Pause all your connections from the Fivetran dashboard. On the connection dashboard, set the connection status toggle to PAUSED.
Copy or move the schemas you want to sync from the existing Snowflake database to the new database.

Grant the FIVETRAN_ROLE the correct permissions on the database schemas and tables. Run the following commands:

set schema_name = <customer_schema_name>;
GRANT OWNERSHIP on SCHEMA {$schema_name} to FIVETRAN_ROLE REVOKE CURRENT GRANTS;`
GRANT OWNERSHIP on ALL TABLES IN SCHEMA {$schema_name} to FIVETRAN_ROLE REVOKE CURRENT GRANTS;
GRANT ALL on ALL TABLES IN {$schema_name} to FIVETRAN_ROLE;

Update the destination connection settings to specify the new database details. In the destination dashboard, click Actions and then click Edit connection details. Enter the new database name and provide the authentication details.

Create variables for the user and warehouse. Run the following commands:

set user_name = 'FIVETRAN_USER';
set warehouse_name = 'FIVETRAN_WAREHOUSE';

Change the default warehouse. Run the following command:

ALTER USER {$username}; 
SET default_warehouse = {$warehouse_name};

Enable your connections. On the connection dashboard, set the connection status toggle to ENABLED.

Data load costs

Fivetran uses SQL queries to merge data into the tables in your data warehouse. Because Snowflake bills for compute usage on a per-second basis, they charge you when Fivetran loads data into your data warehouse. To reduce costs, we recommend that you provision an X-Small data warehouse with one-minute auto-suspend for Fivetran to load new data into. Most Fivetran customers will be billed for 10 - 20% usage of an X-Small warehouse, though more frequent syncs will increase the usage.

Reduce Fail-safe cost

Registering Fivetran with a transient database will ensure all Fivetran-created tables are transient by default. This will help reduce the additional costs and storage space associated with Fail-safe. However, transient tables cannot be recovered in case of operational or system failures.

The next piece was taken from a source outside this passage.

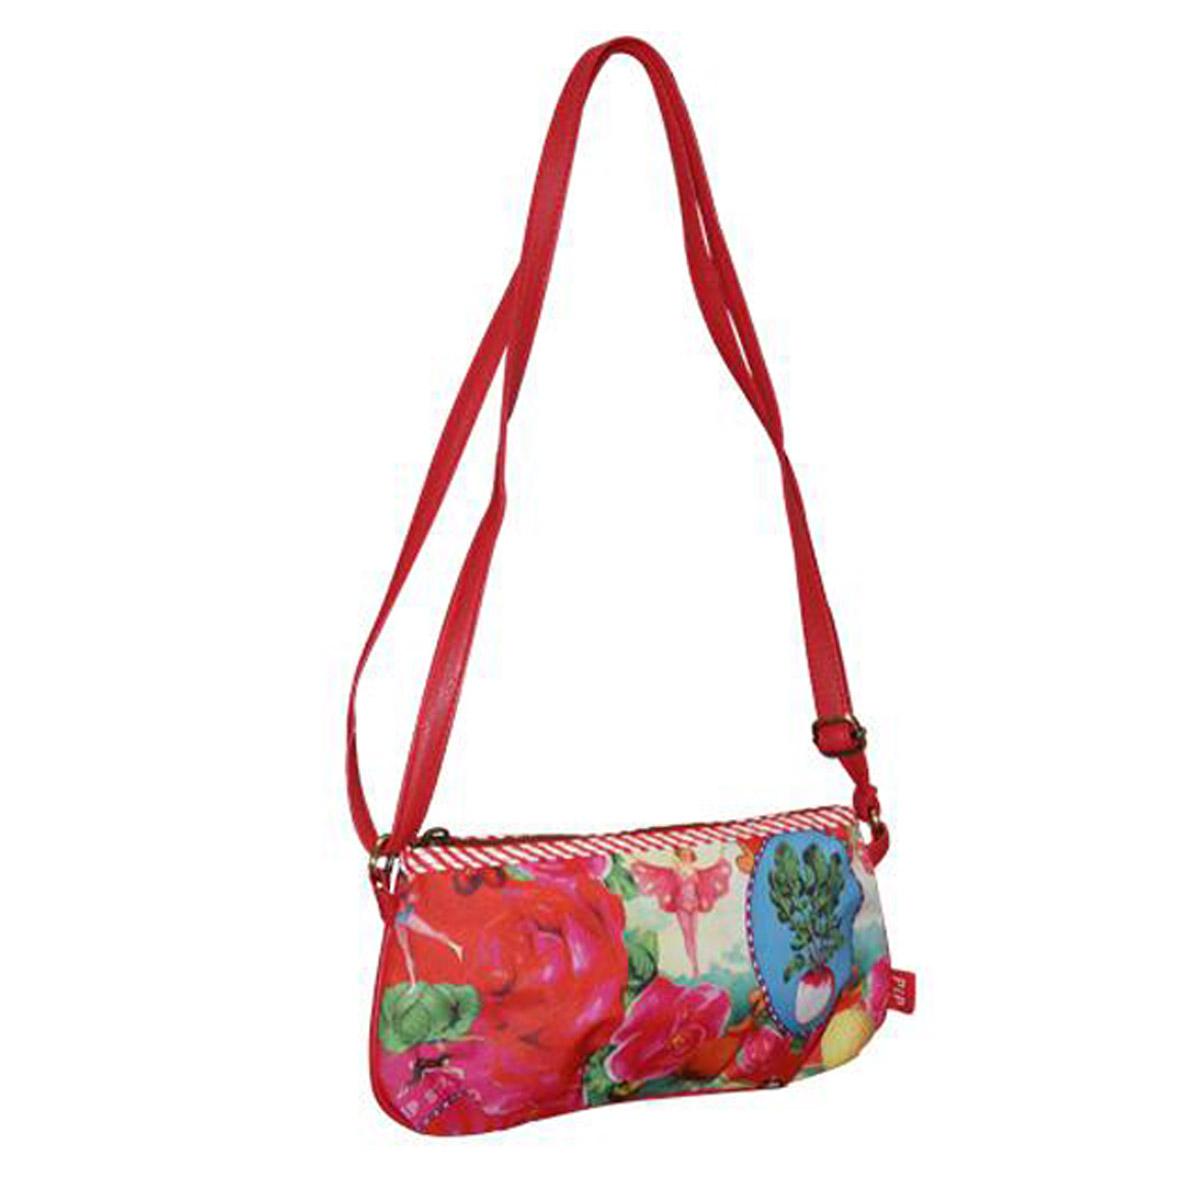 pip studio girly bag rot handtasche abendtasche umh ngetasche tasche beutel kosmetiktasche sport. Black Bedroom Furniture Sets. Home Design Ideas

See Snowflake's Fail-safe documentation for more information.

Improve query performance

Add cluster keys

Fivetran doesn’t enforce cluster keys in the Snowflake tables because the data is well clustered in most situations. You can define a clustering key for a table if the table size has increased or you observe slow query performance.

To improve the performance of the Fivetran-triggered queries, such as MERGE, UPDATE, DELETE, add cluster keys on the columns used to join the existing and the incoming data. See Snowflake's Clustering documentation for more information on how to add clustering keys and understand the cost implications.

Adding cluster keys helps reduce the amount of data scanned for each query. For optimal performance, add cluster keys for the columns that are part of the table's primary keys. You can find the columns from the table’s schema in Snowflake or in log events synced to your destination by either our free Fivetran Platform Connector, which we automatically add to every destination you create, or external log services.

Collation

Fivetran does not recommend using custom collations as it can impact data integrity. You can change the collation using {<col_name>} COLLATE {<collation_of_your_choice>} in your downstream queries while sorting or comparing your data. For example:

    SELECT {<col_name>} FROM {<fivetran_replicated_table>}
    ORDER BY {<col_name>} COLLATE {<collation_of_your_choice>};

If you choose to use a collation, make sure the collation is case-sensitive.

Unstructured files Beta

By default, we store unstructured files in a named internal stage within the connection's destination schema. Alternatively, you can configure your destination to use an Amazon S3 external stage to store the unstructured files. In either case, we use the destination table name you specified when setting up the source connection as the stage name. We also maintain a Snowflake directory table and update it after every sync. For more information, see our Unstructured File Replication feature documentation.